On August 16, 1920, Isaac Brown held a fully paid up life insurance policy for five thousand dollars, issued by respondent. On that day, he borrowed $3,116 from the respondent, the loan being evidenced by a note signed by the insured and secured by the assignment of the policy to the respondent. The note bore interest at the rate of six per cent per annum, and by its terms was to mature May 10, 1930, this being the anniversary date of the policy, which was issued May 10,1892. The note contained the following provisions:

“If the interest on this loan is not paid, when due it shall be added by the Company to the existing loan and interest so added shall bear interest at the same rate as the loan, and the Company may so extend this loan at its maturity or at the expiration of any extension or renewal of the loan, provided, however, that no such extension shall be made if the loan with added and accrued interest to the next following policy anniversary would exceed the cash surrender value that would be allowed by the Company for the surrender of the policy at such (next following) anniversary if the policy were then in force.
“If the cash surrender value that would be allowed by the Company at the next following anniversary of the policy (if the policy were then in force) is less than the amount of the loan with added and accrued interest to such next following anniversary, in case of failure to repay this loan with accrued interest on the date when due as herein provided, or at the expiration of any extension or renewal thereof, or in case of failure to pay the accrued interest on the due date of this loan, *317 or at the expiration of any extension or renewal thereof, if such failure to repay the loan or to pay such accrued interest shall continue for thirty-one days, the said policy shall immediately thereupon be deemed surrendered to the Company and thereby rendered null and void without any action on the part of the Company, and a sum equal to the customary cash consideration then allowed by the Company as the surrender value of policies issued upon like terms and conditions shall, at the end of said thirty-one days, immediately be deemed applied in repayment and satisfaction of said loan and interest, without any action on the part of the Company, and the remainder (if any) of said sum shall be paid by the Company to the parties entitled thereto whenever thereafter a demand accompanied by the policy is made by them at the Home Office of the Company.
“No notice or demand for the repayment of this loan or for payment of interest thereon when due as above specified or after any extension of the time for repayment of this loan or after any renewal of this loan, shall be required to be made or sent by the Company, the sending of such notice or demand' being specifically waived by all parties hereto.

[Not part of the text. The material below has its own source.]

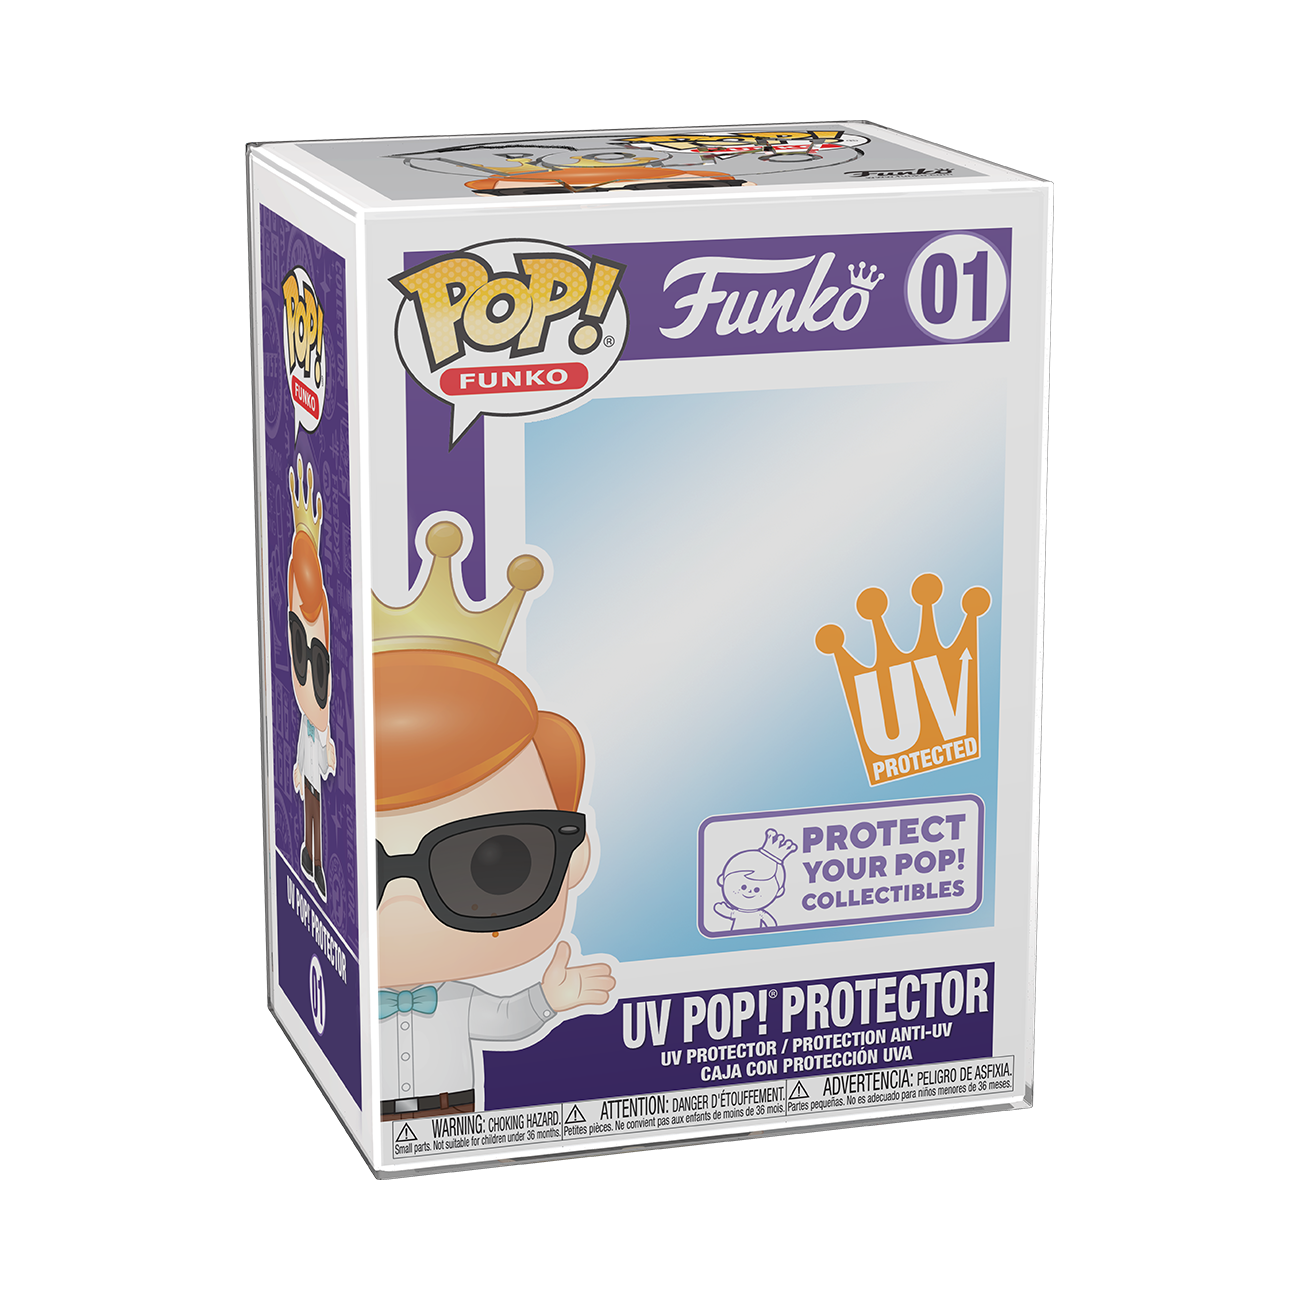 Funko Pop! Protectors

If any notice or demand is sent it shall be deemed only an act of courtesy and shall not obligate the Company to send subsequent notices or demands, nor shall it be construed as affecting in any way the Company’s rights to assert the automatic termination and avoidance of the said policy as herein provided.”

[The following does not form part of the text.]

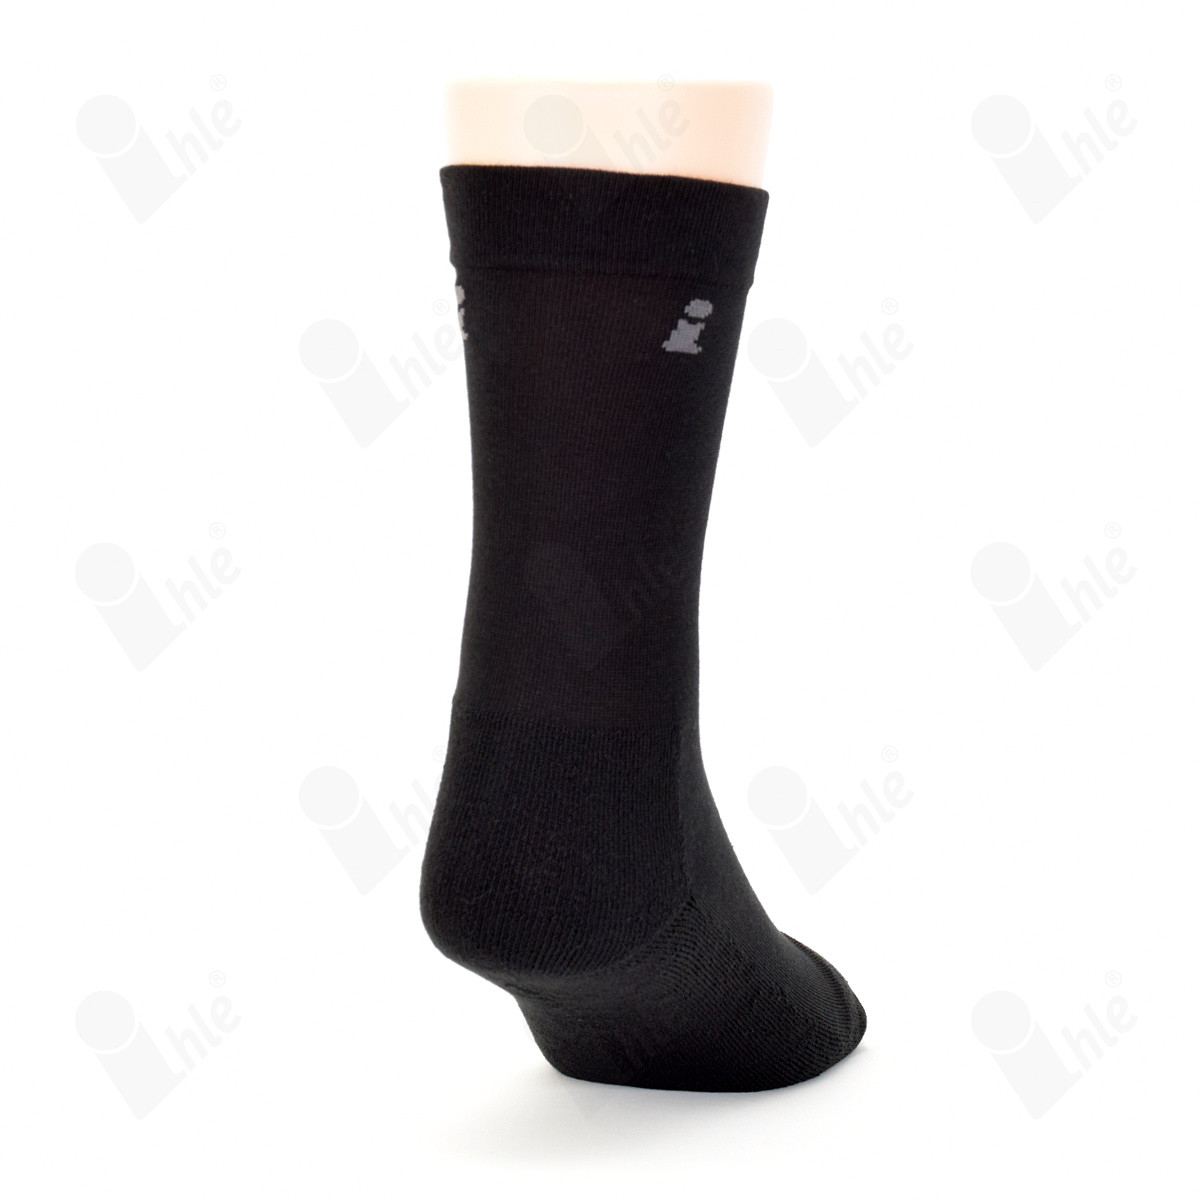 Ihle Socke halbplüsch schwarz Gr. 43-46

Interest on the note was paid by the insured on the due dates in the years 1930 and 1931.

Prior to May 10,1932, respondent mailed a notice of the interest due on that date to the insured. He did not pay it, and the loan was automatically extended for another year and increased by the amount. After a like notice in 1933, the insured failed to pay the interest on the due date, and the respondent again increased the loan by the amount of the interest.

*318 Prior to May 10, 1934, the respondent mailed a notice to the insured upon a form similar to that used in 1932 and 1933. The insured, as in those years, did not pay the interest. The respondent did not thereafter address any further communication or notice to the insured until August 10,1934. On that date it sent him a letter stating:

“We have not received the loan int. due May 10, 1934, and the days of grace have expired.
“Reinstatement of the full benefits and protection afforded by your policy will be considered if you will fill out the enclosed application and return it to us with a remittance of $189.41.
“No examination is required and any disinterested party may witness your signature.
• “We would like to place your policy in full force again. Won’t you do this immediately?”

On May 10, 1934, the cash surrender value of the policy was $91.06 in excess of the indebtedness of the insured, including interest. This sum with $119.01 would have been sufficient to pay the interest on the loan to May 10, 1935. On May 10, 1934, the cash surrender value of the policy was $3,802.27. On that date, the total amount due on account of principal and interest on the loan was $3,711.21, leaving a cash surrender value sufficient to cover the principal amount of the loan and all interest then accrued and a balance of $91.06, an amount sufficient to cover interest on the loan to October 6,1934.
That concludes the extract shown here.